4 Corners Students are required to take a position by moving to the corner of the room labelled with their position and discussing the reason for their position with one student with the same and one student with a differing position.
Tag Debate Similar to a traditional debate, but those in the ‘speaker’s chair’ can be tagged out and another student can move in to add another argument to the conversation.
Perspective Taking Strategies
3-Step Interview In groups of 3, students are assigned a perspective or role. They then each develop questions and interview the other roles. This requires that students frame powerful questions, listen and record important information, and respond to questions considering a particular perspective.
Redraw an Image Students are asked to examine an image, determine the perspective from which it was created, and use evidence and inference to redraw how the image would appear differently from an alternate perspective.
Step into the Picture In groups, students examine an image or text. Groups are invited to tell what happened in the time before or after this image – perhaps 3 minutes, or 3 days, or 3 years. This can be performed as a skit.
Making Judgement Strategies
Value Time Line In addition to placing events in chronological order along a time line, students rate the significance or impact of events by placing them above or below the line.


Challenges and Wonder

We often encounter things that seem to have merit, but also raise some concerns. To make a reasoned assessment, have students consider the Opportunities, challenges, and Interesting/Wonderings of an idea or proposal.
Ranking Ladder Have students rank the most important or significant contribution to an issue, topic, or event. As learning progresses, have students revisit their ranking and revise it based on new evidence.
Fulcrum Use a balance scale to have students display which of two options has a greater impact, better represents, or which direction an event had on an outcome.
Dashboard Have students display their position on an issue or topic by selecting where they fall on the dashboard continuum. Students are given time to reflect and readjust their dial as learning progresses.
Pie Chart When given a number of factors, students create a pie graph containing each factor and the size of each slice (Factor) represents the degree to which each factor contributes to an event or issue.
Generating Ideas Strategies
Five Senses Students make an abstract concept or idea more real by brainstorming connections to your five senses.
Create a Powerful Headline or Question In this strategy, you are required to use your creativity to summarize the main ideas or find out more about a source.
Placemat Students work collaboratively to weigh options and come to a consensus. Often used to summarize large amounts of information or give everyone a chance to share their ideas.

Instructional Tools

The Instructional Tools section describes a variety of high yield, evidenced based strategies and practices that are utilized when designing Powerful Learning experiences for students.

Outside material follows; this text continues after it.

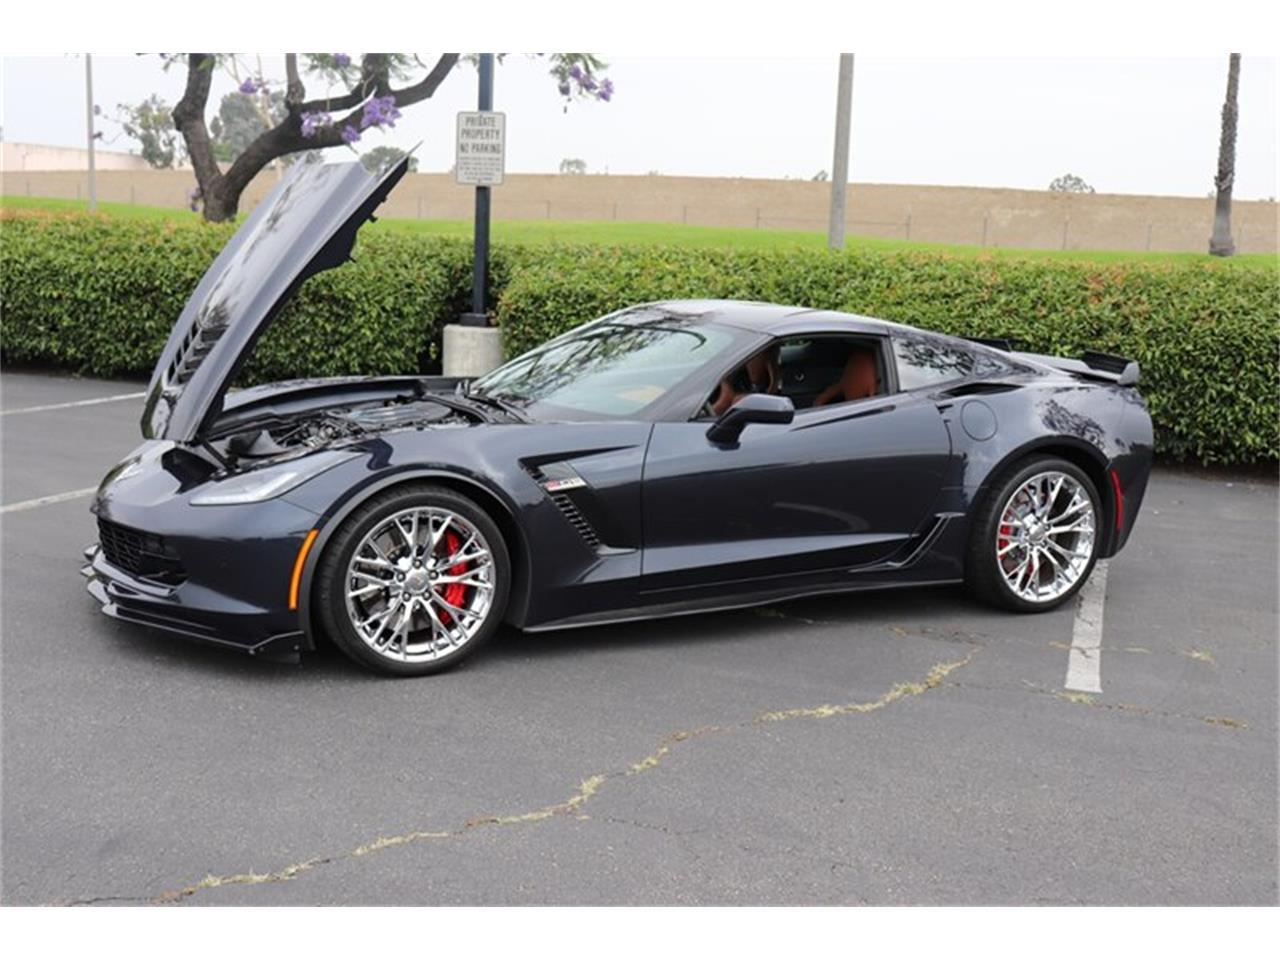 Large Picture of 2015 Chevrolet Corvette Z06 - $59,995.00 Offered by West Coast Corvettes - QFLK

These strategies help to make the learning relevant and support students as they extend and apply knowledge. Through using these tools, students can become more efficient and flexible in using what they have learned.

Academic Vocabulary summary sheet

Marzano and Pickering (2005) reported that when students have general knowledge of the terms that are important to content taught in school, achievement is significantly improved. One of the most crucial advantages that teachers can provide, particularly for students who do not come from academically advantaged backgrounds, is systematic instruction in important academic terms.

Strategy Overview / Implementation
Academic Vocabulary

Explicitly teaching academic vocabulary involves 6 basic steps. Attending to all steps ensures best results.

  1. Introduction: Provide a description, explanation and or examples of the new term.
  2. Restate: Students explain or describe the term in their own words. An academic notebook is suggested to keep track of the terms.
  3. Draw & Self Assess: Students draw a picture, symbol or graphic to represent the meaning of the term. Students self-assess their level of understanding of the term.
  4. Activities: Provide activities to engage students as they work to remember the terms. Ex: antonyms/synonyms, compare/contrast, morphology.
  5. Talk: Discussing the terms with a peer allows for misunderstandings to present themselves and knowledge to deepen.
  6. Games: An engaging way to learn the terms. Frequent use of the terms helps transfer the terms into long memory.

Cues and Organizers – Advanced Organizers
summary sheet

The use of cues and organizers provide students with a conceptual framework to hook new learning on to and they enhance student’s ability to retrieve, use and organize what they already know about a topic. The use of a variety of graphic organizers throughout the learning provides opportunities for students to extend and apply knowledge.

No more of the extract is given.